Subject: Re: restricting NFS (and associated services) to one IP address
To: Steven M. Bellovin <smb@cs.columbia.edu>
From: Byron Servies <bservies@pacang.com>
List: netbsd-users
Date: 10/08/2006 21:41:35
On Oct 8, 2006, at 9:24 PM, Steven M. Bellovin wrote:
> I have some machines with two Ethernet interfaces. I'd like to run
> an NFS
> server, but I want to restrict it to access via just one of the two
> interfaces.
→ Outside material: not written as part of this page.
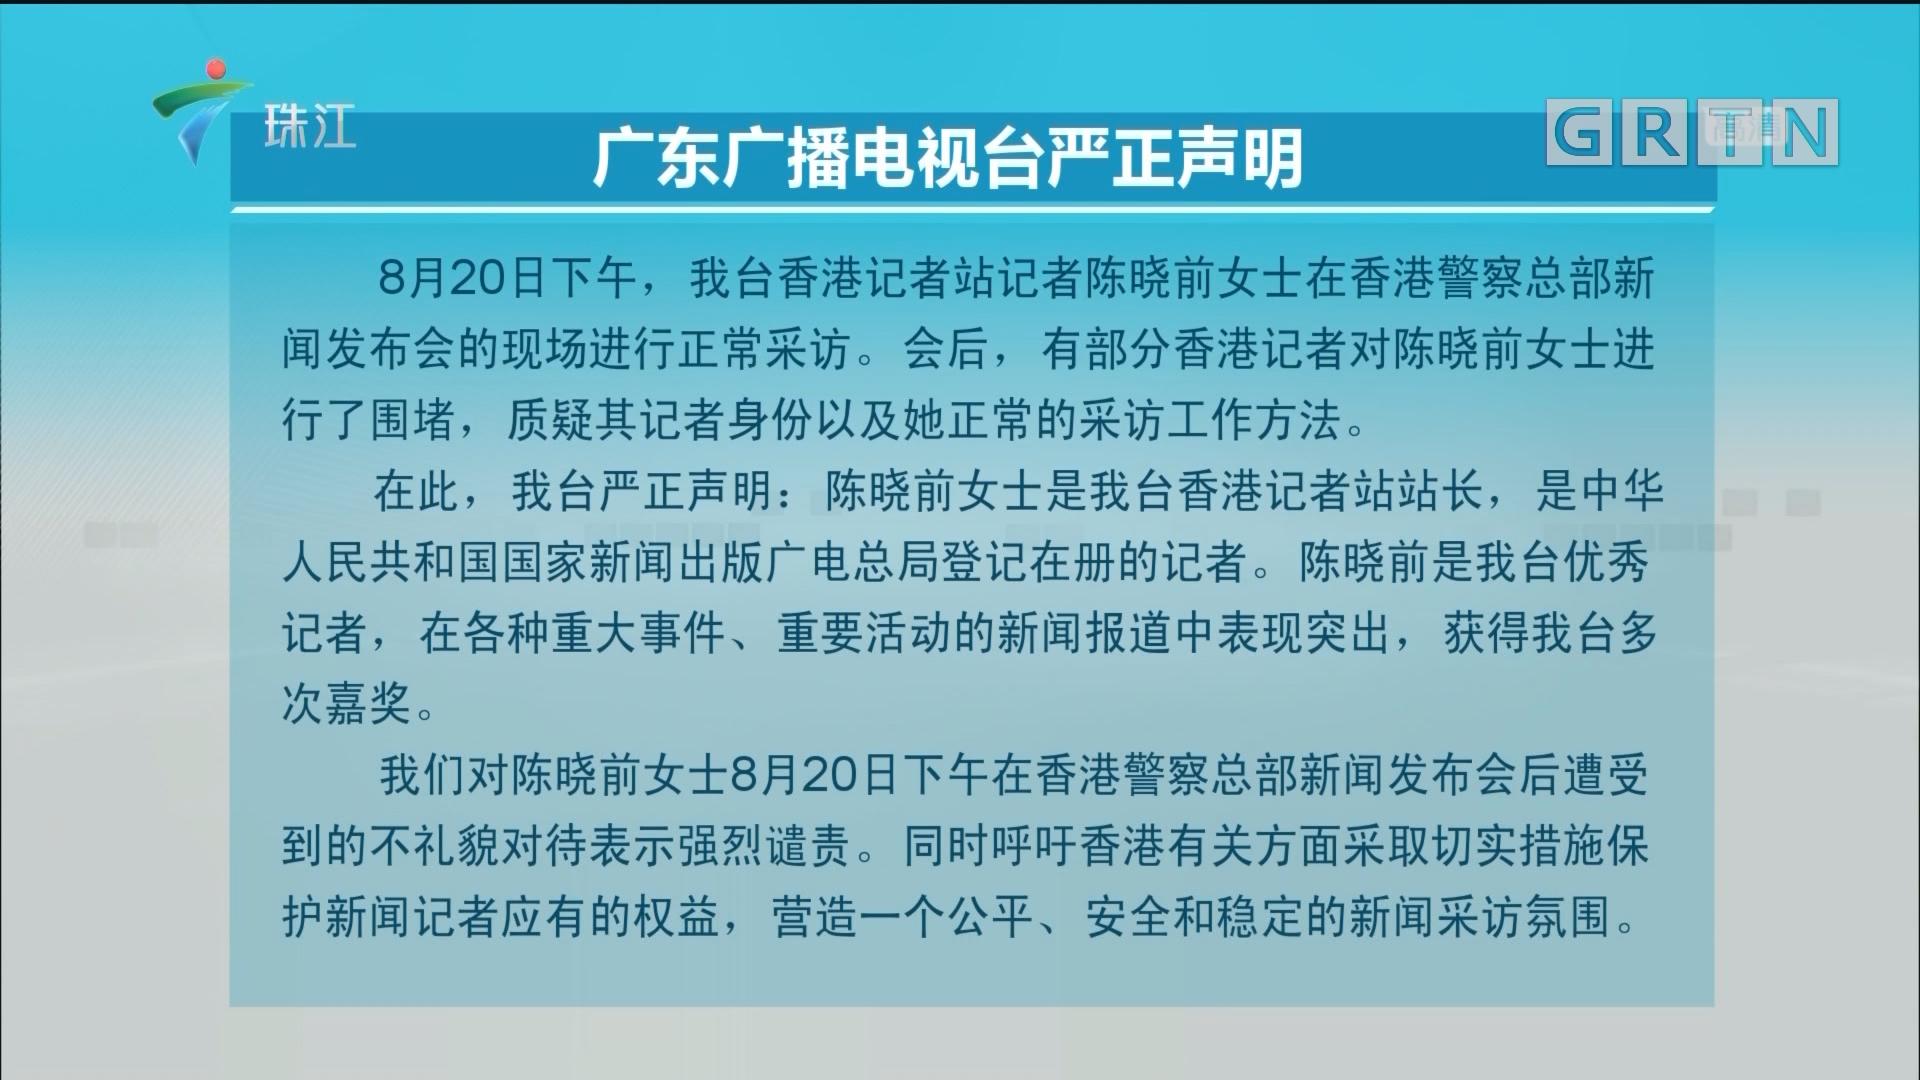 广东广播电视台严正声明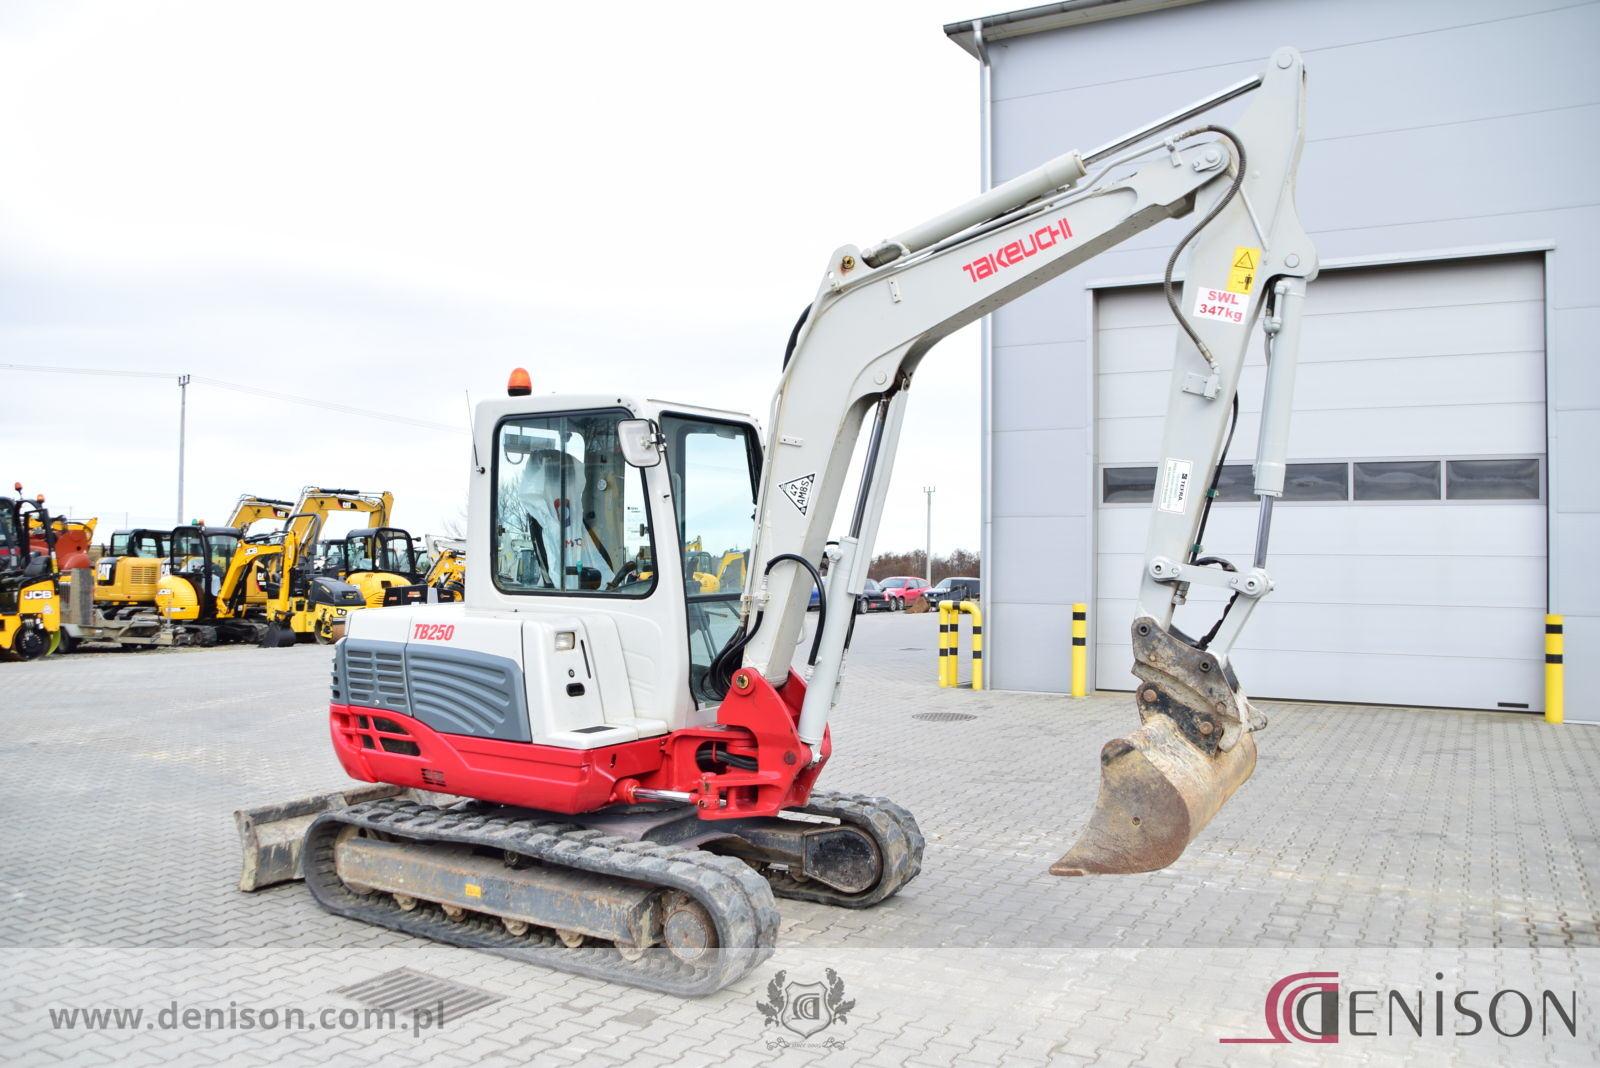 Takeuchi TB250 – Sprzedaż maszyn budowlanych JCB

I don't see any easy way to do that.
>
> An obvious approach is to use pf or ipf, but that doesn't play well
> with
> portmapper. On my other NFS machine, I see UDP and/or TCP ports 1016,
> 1017, 1018, 1019, 1020, 1021, and 1022 in use at the moment, for
> rpcbind,
> mountd, lockd, and statd. rpcbind apparently supports
> host.allow/hosts.deny, but it isn't clear if that applies to
> packets sent
> directly to the other services. Any better suggestions?
Hi there!
I suggest you re-read 'man 5 exports' a little more closely. You can
restrict NFS exports to NIS groups, netgroups, individual IP
addresses, networks, etc. right in the /etc/exports file itself.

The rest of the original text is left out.